• What is needed
From the data below, please reproduce exactly everything from the line that contains "a Baseball jersey" down to the line that contains "BMW PGA Championship", with both ends included.

• The input
++++++++++++++++++++

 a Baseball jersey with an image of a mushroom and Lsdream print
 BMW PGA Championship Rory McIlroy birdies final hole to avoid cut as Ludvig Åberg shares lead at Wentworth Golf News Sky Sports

++++++++++++++++++++

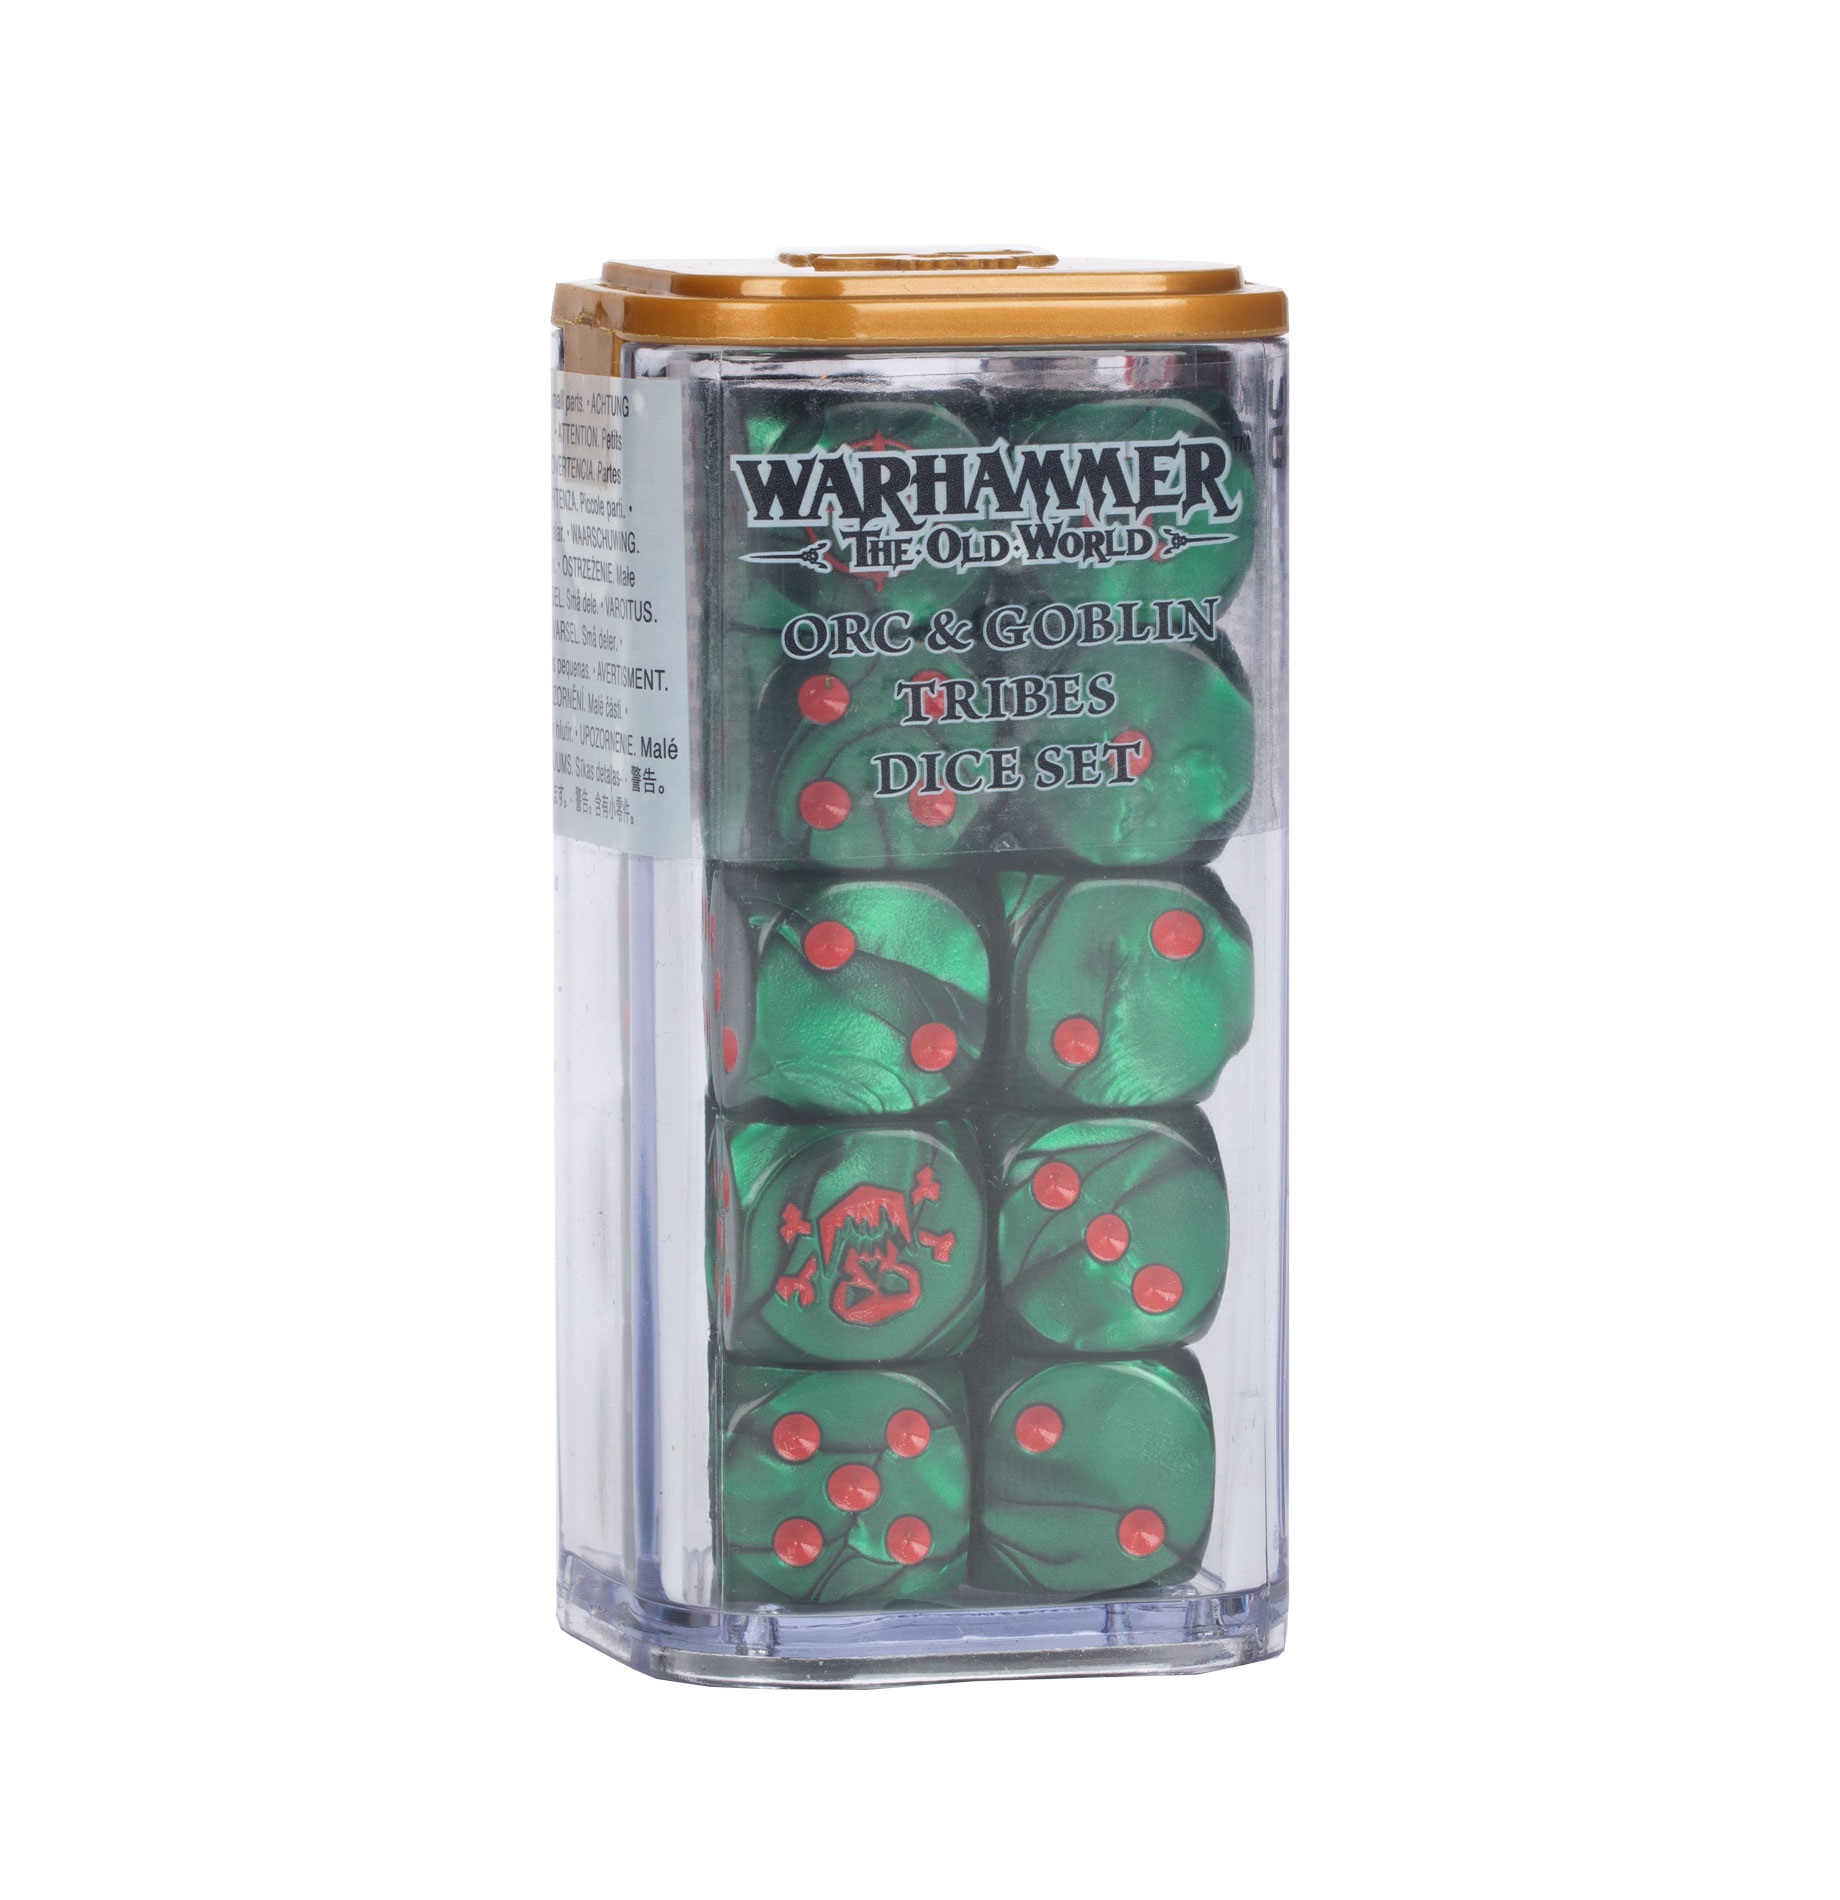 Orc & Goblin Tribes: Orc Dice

++++++++++++++++++++

• Response area
 a Baseball jersey with an image of a mushroom and Lsdream print
 BMW PGA Championship Rory McIlroy birdies final hole to avoid cut as Ludvig Åberg shares lead at Wentworth Golf News Sky Sports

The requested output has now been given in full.